[Work item]
Output all of the data below without changing a word, and exclude the pictures.

[Source data]
----

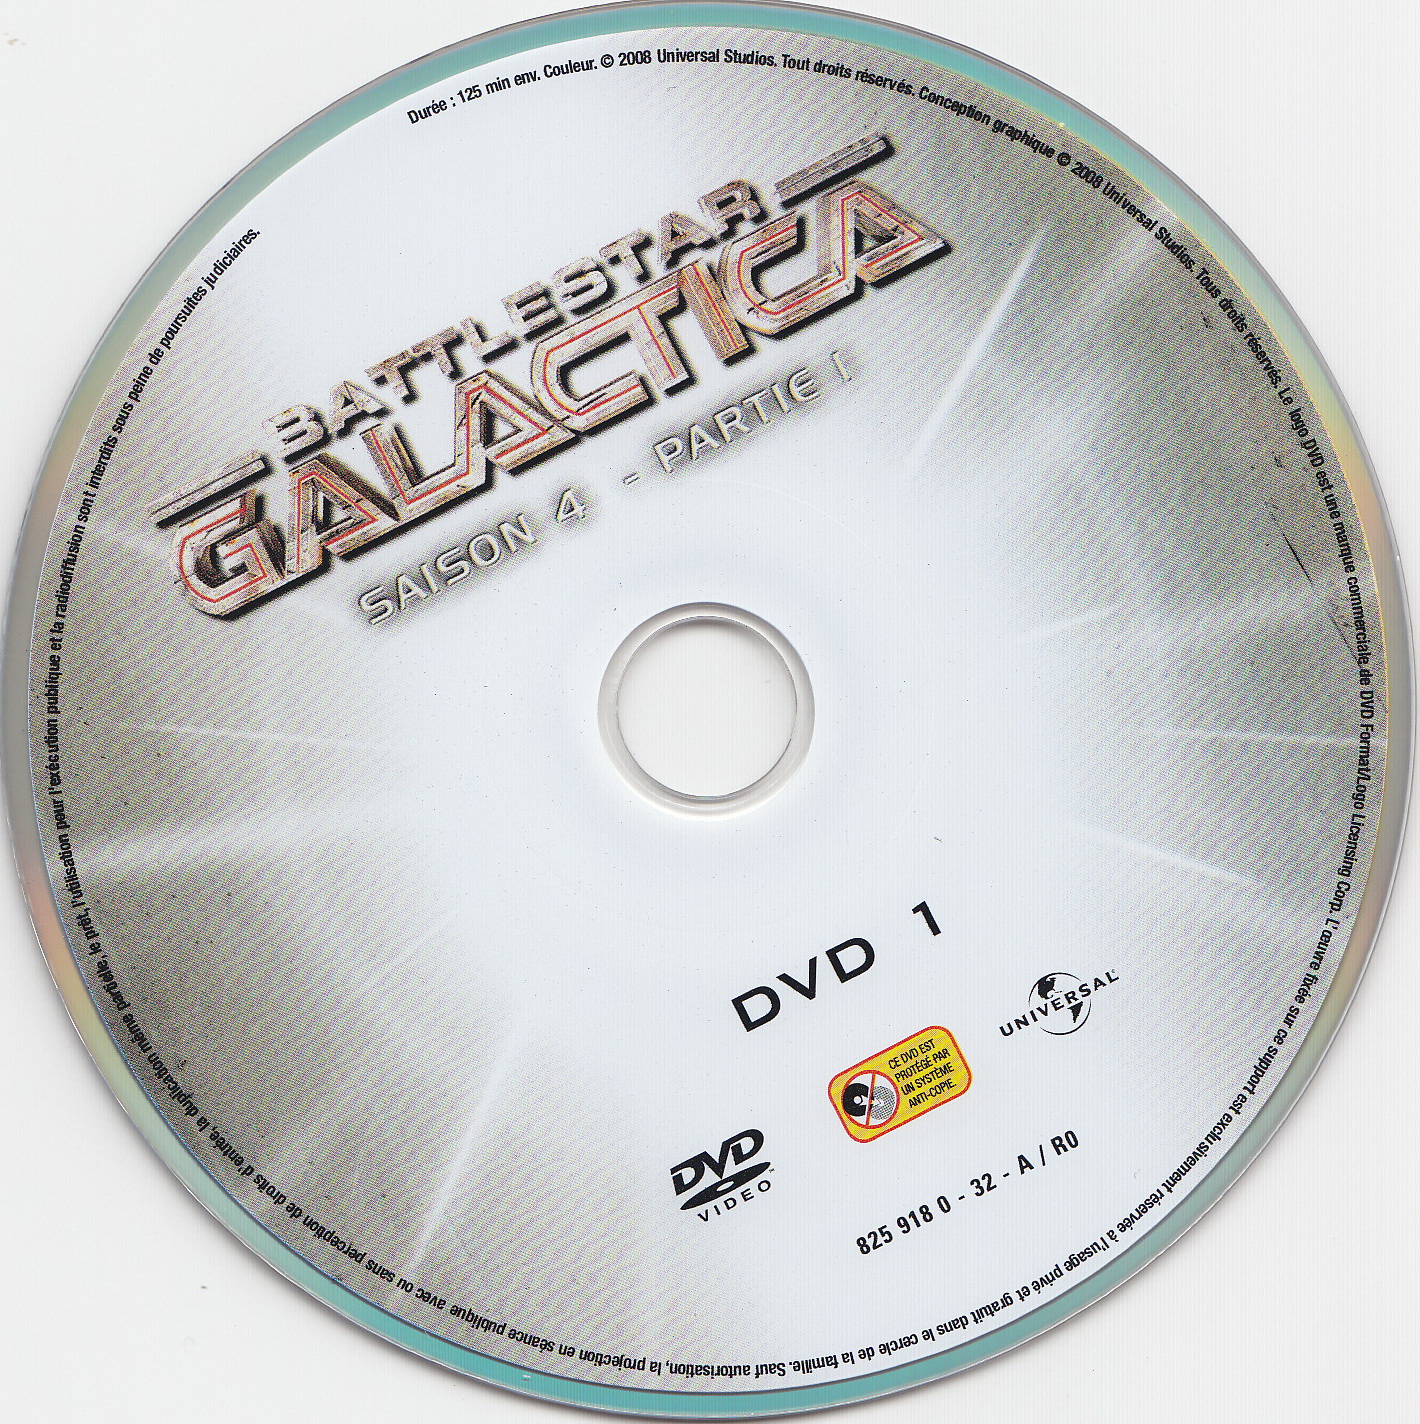 Battlestar Galactica Saison 4 partie 1 DVD 1
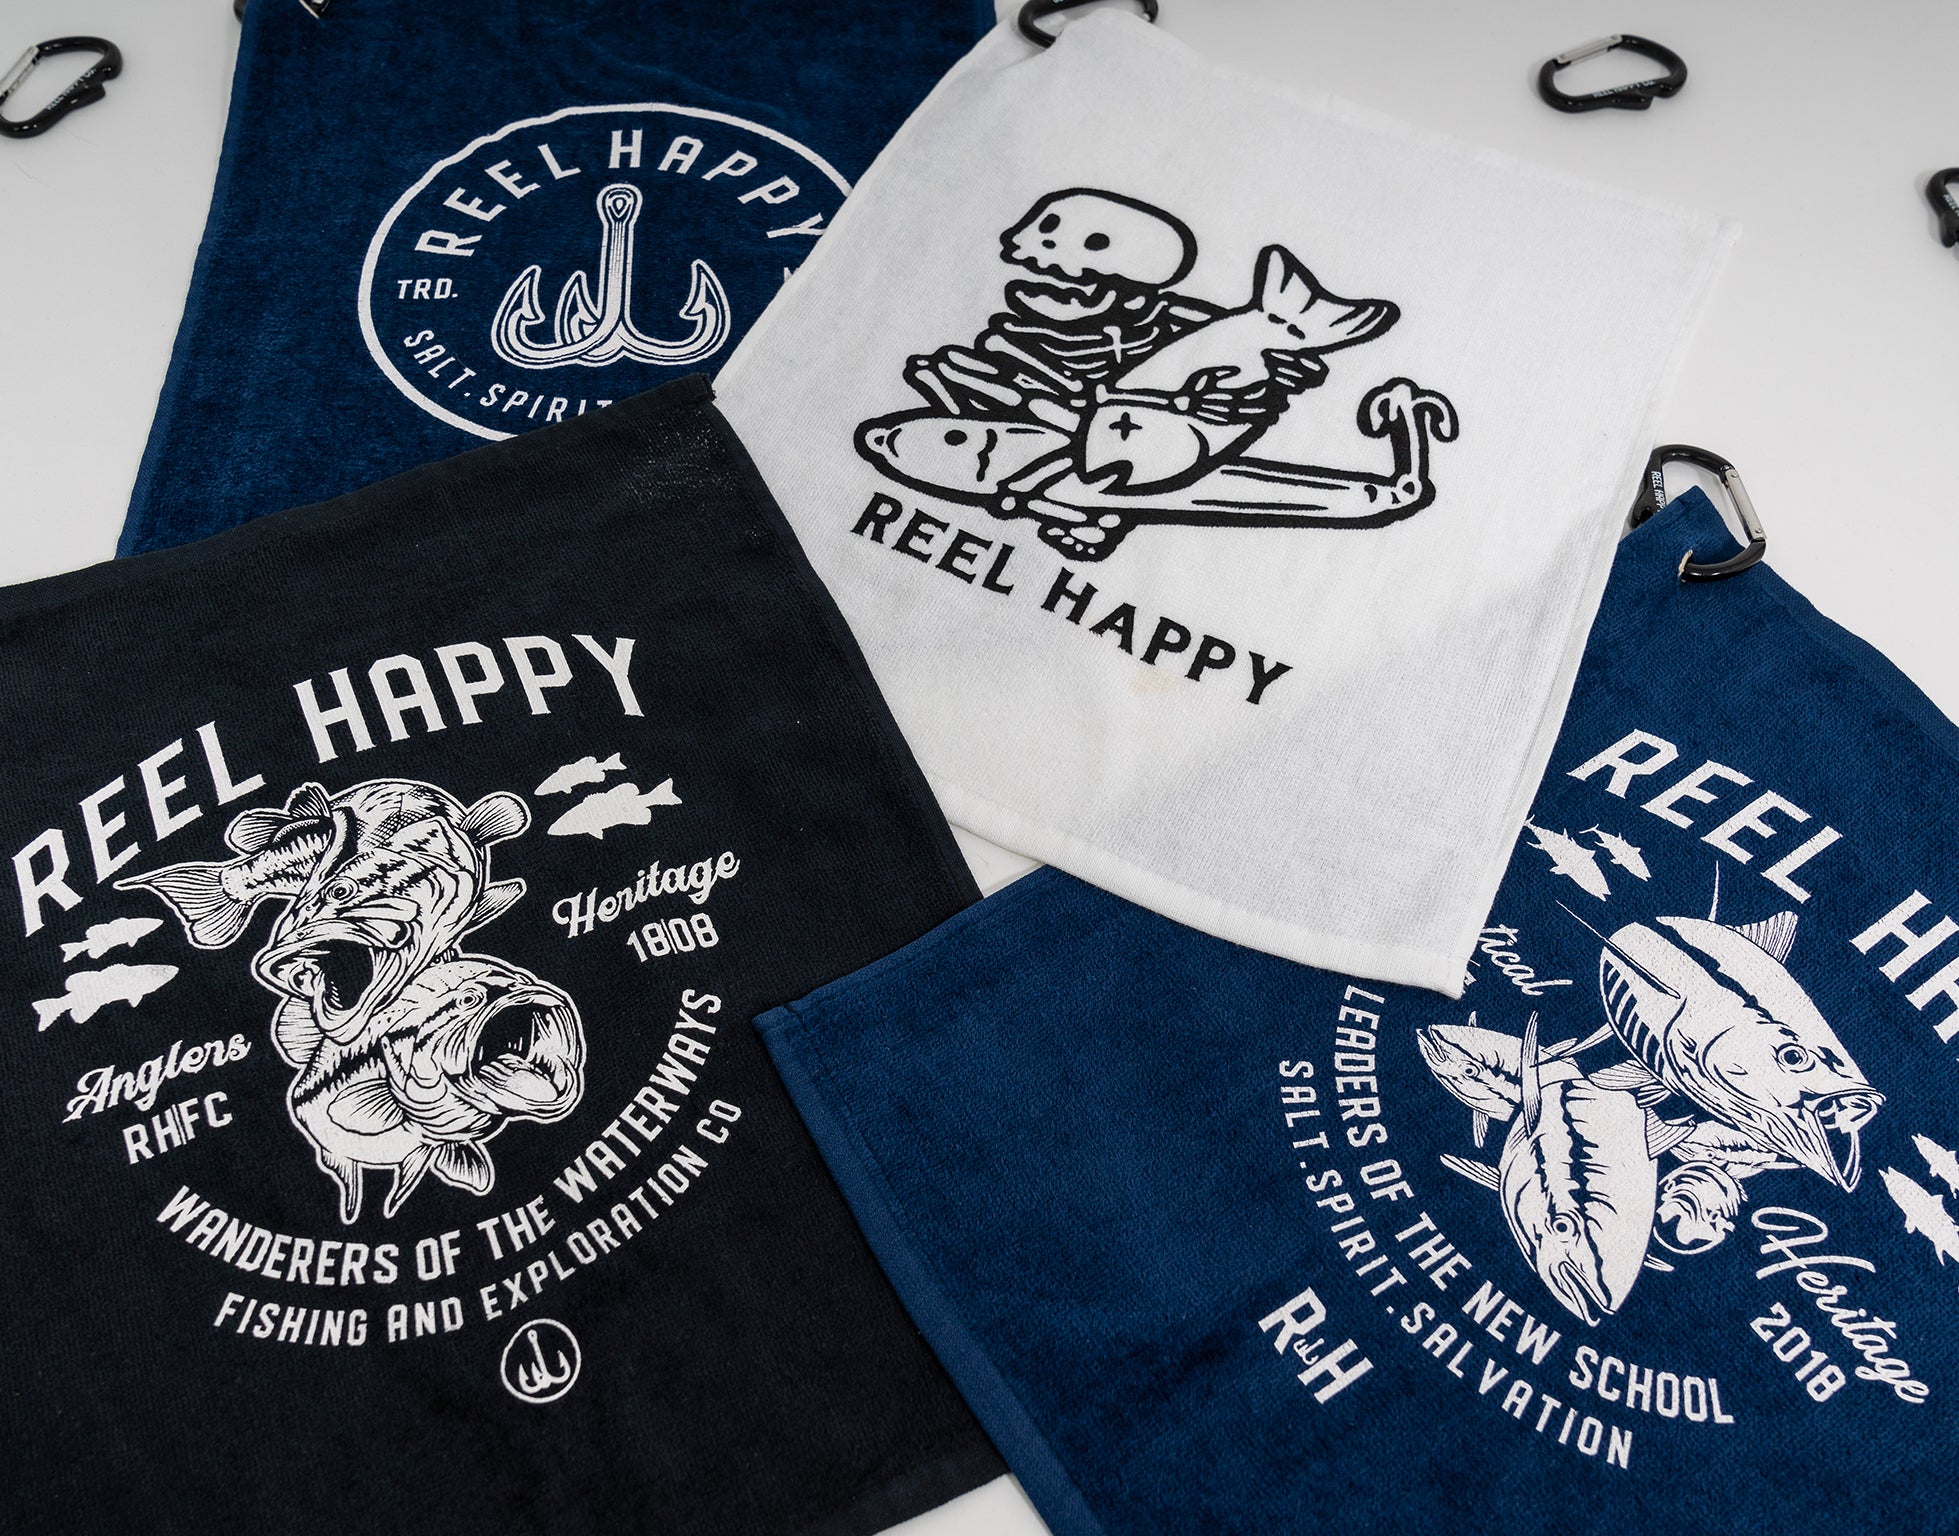 True School Towel - Navy - Reel Happy Co
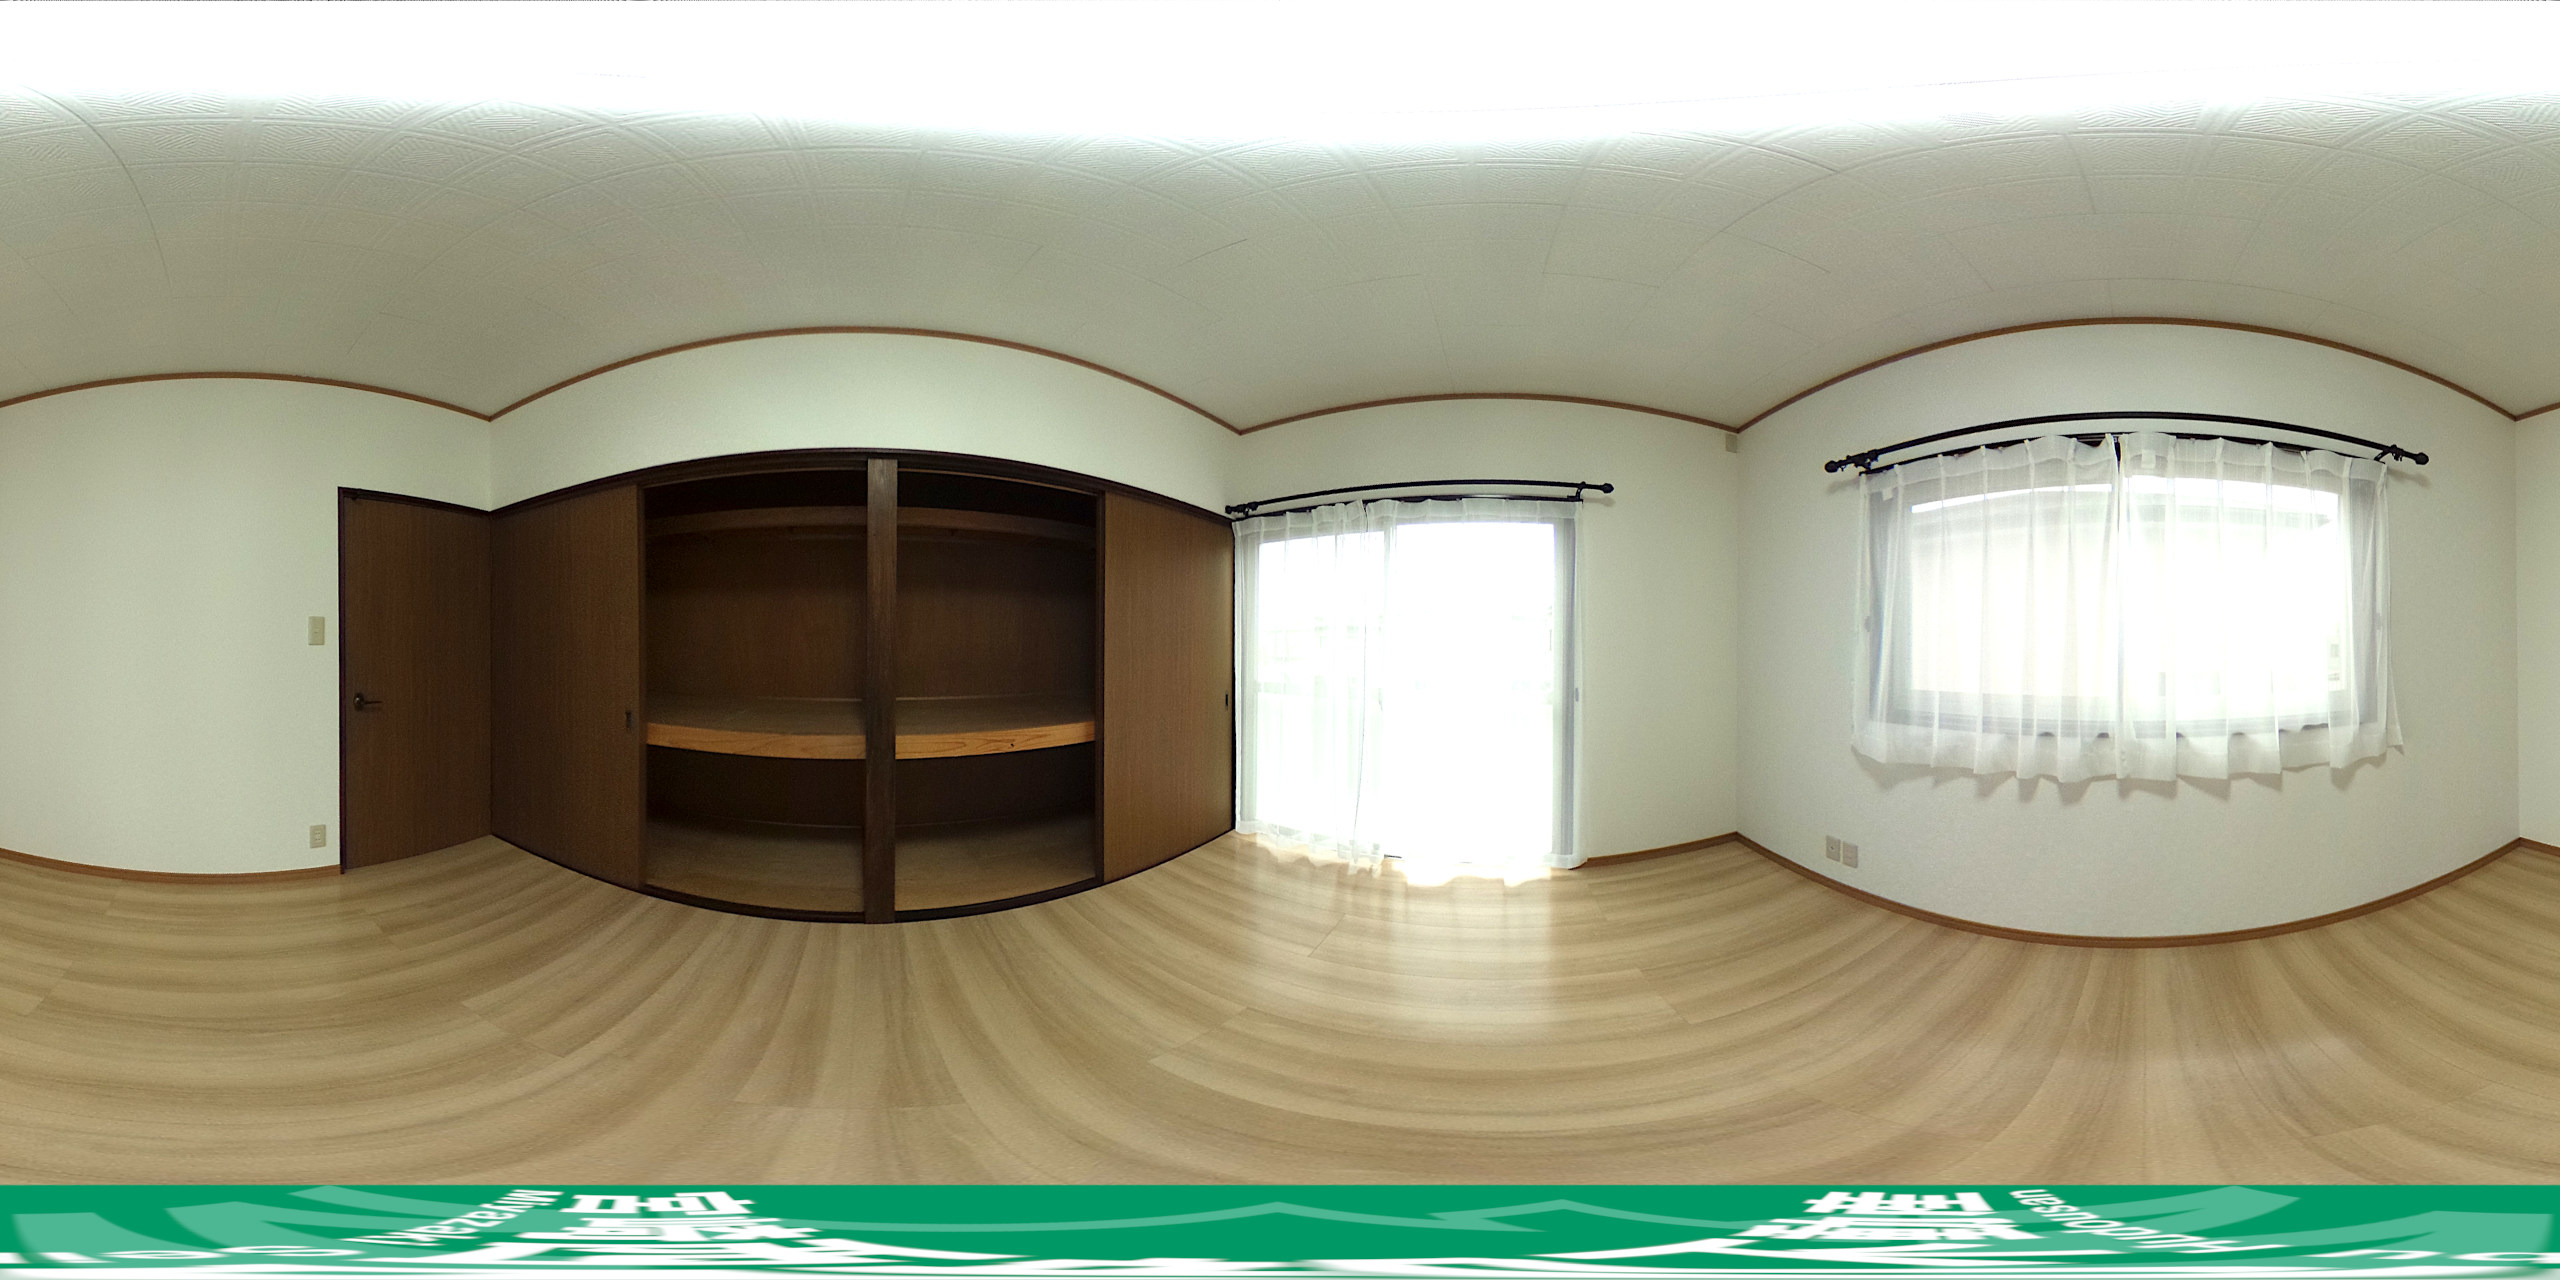 【2階寝室】360度パノラマビュー。マウスやタッチ操作で全方位を自由に見渡せます。

----

[Final answer]
 Battlestar Galactica Saison 4 partie 1 DVD 1
 True School Towel - Navy - Reel Happy Co
 【2階寝室】360度パノラマビュー。マウスやタッチ操作で全方位を自由に見渡せます。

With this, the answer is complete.